D.C. doesn't know how far patients go

 

February 15, 2018



Having health care in rural areas can be taken for granted, but when it is gone the effects are immediately noticeable.

Congress’ recent stop gap budget to keep the government running did not take into account community health centers (CHC), which are at risk without a long-term budget. These types of smaller health care clinics serve about 10 percent of Montana (roughly 100,000 residents), a state where there should be one lower tier of population designation past “rural.”

The wave of CHCs began with Lyndon B. Johnson’s war on poverty, and the movement experienced a swell under George W. Bush. The Affordable Care Act bolstered low-income patients’ ability to access care at CHCs. These centers were the closest thing to a healthcare “fix” this nation had come up with for accessing healthcare facilities.

CHCs were created when a doctor practicing medicine in under served areas applied the same formula to the U.S. healthcare system. CHCs have historically been a vector of bipartisan support in the debate of how to better provide care for citizens.

In Montana, some CHCs are facing closure because Congress failed to pass a long-term budget, causing a very real 70 percent drop in federal grant funding. Without a long term budget to bank on, CHCs across the country could start to run out of money by the end of February.

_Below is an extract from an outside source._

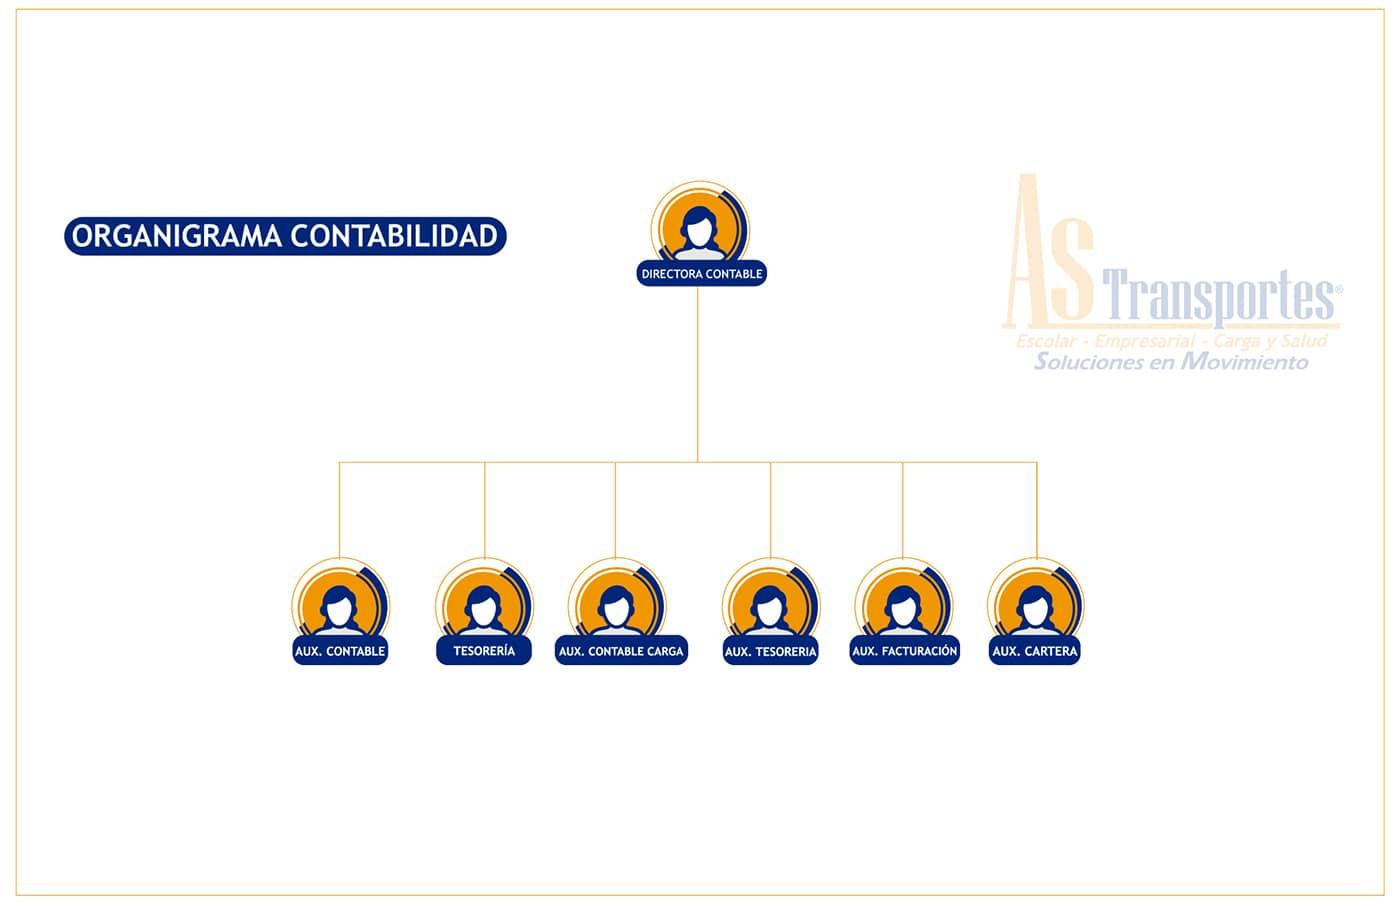 ORGANIGRAMA DE PAGINA WEB CONTABILIDAD

The total proposed funding or CHCs is a drop in the bucket, compared to other proposals on the national stage. CHC funding without lapse amounts to about $7.4 billion. Compare that to the $18 billion proposed for the first phase of the border wall, or the $1.5 trillion resulting from a corporate tax cut (down to 21 percent), CHC funding may be the most cost-effective, cost-beneficial, and potentially life-saving proposal being considered.

It is estimated that Montana’s 17 CHCs, connected to 40 satellite sites, served 106,342 patients in 2016, with a total of 407,084 visits. As expected, about 85 percent of these patients are low income, who would have difficulty affording care at facilities other than CHCs. Reports show CHCs have 24 percent lower costs, saving taxpayers about $134 million in Medicaid costs.

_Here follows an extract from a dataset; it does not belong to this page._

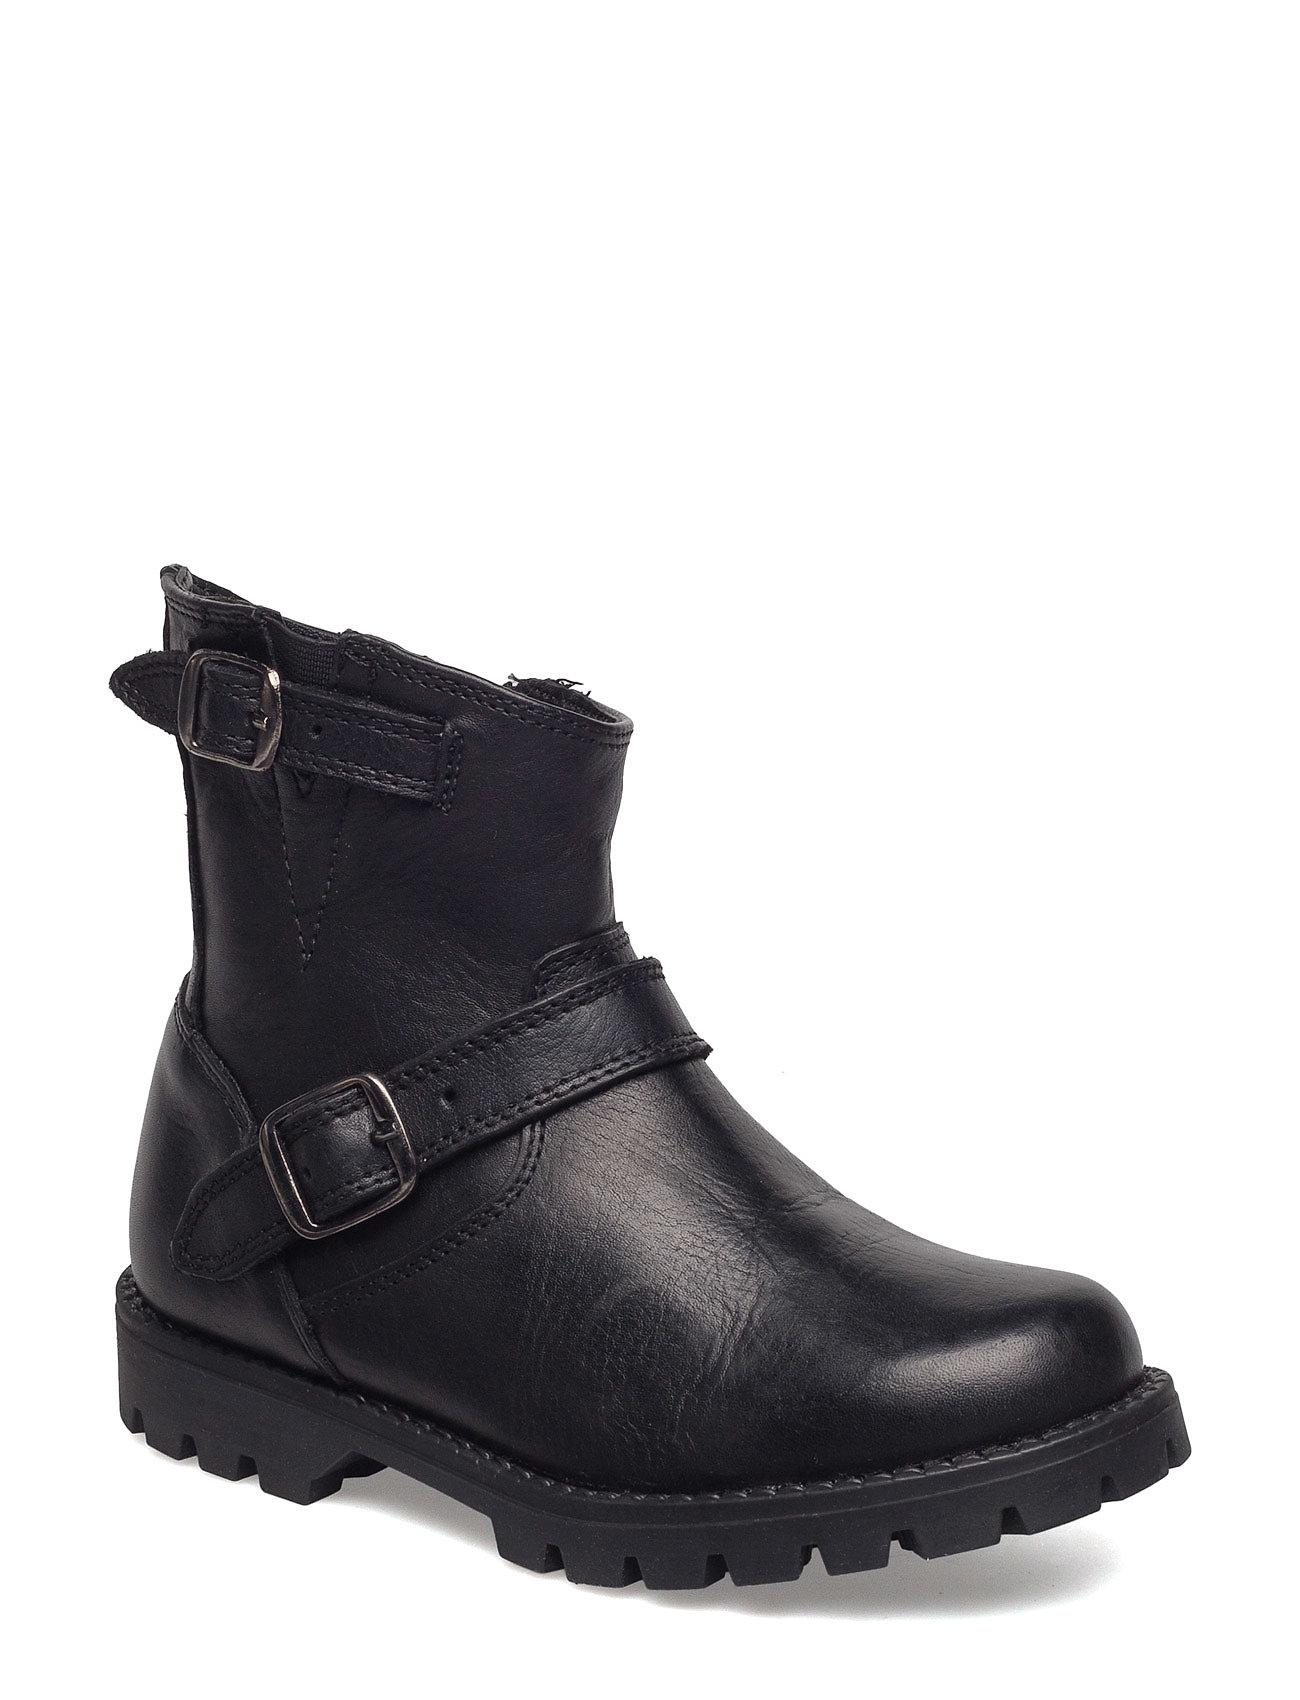 Boots Gulliver Støvler til Børn i Sort

In Montana, a single closure could result in patients having to drive hundreds of miles for affordable primary care. Larger hospitals and clinics may not be ready to handle the increase in patient loads. Without a doubt, wait times certainly increase.

It was pointed out recently in the Billings Gazette that, “Congressional dysfunction is hazardous to Montanans’ health. The four stopgap spending bills that have dribbled out of Capitol Hill since the last fiscal year ended on Sept. 30, have left 100,000 Montanans and millions of other Americans behind.”

In early December, Sen. Tester and Sen. Daines received letters from Montana CHCs asking for much needed support of a multi-year funding extension. Without that kind of financial foresight, CHCs cannot bring stability to the patients they serve. Many have established hiring freezes, federally funded residency experiences and outlying training programs are on hold, and creating a budget as a CHC is nearly impossible without some kind of stable framework.

Providers, patients and supporters are hoping for a longer-term solution after Thursday’s vote in DC. CHC funding is just one of the many side notes in a tangle of issues to be voted on.

For those in the elected seats with voting power, access to healthcare is uninterrupted. They do not feel the pinch in the wallet when trying to purchase lifesaving medications, or when an appointment is canceled at a CHC because of closure, resulting in rescheduling months out, over a hundred miles away. Many in those seats do not understand the meaning of “rural” or the implications distance can have in an emergency.

The only way they can know is by hearing from regular citizens through emails, letters or phone calls. Otherwise, they may think that what the American people really care about is on cable news. One look around Montana, and one can see that the worries portrayed on cable news are not the day-to-day worries of Montanans.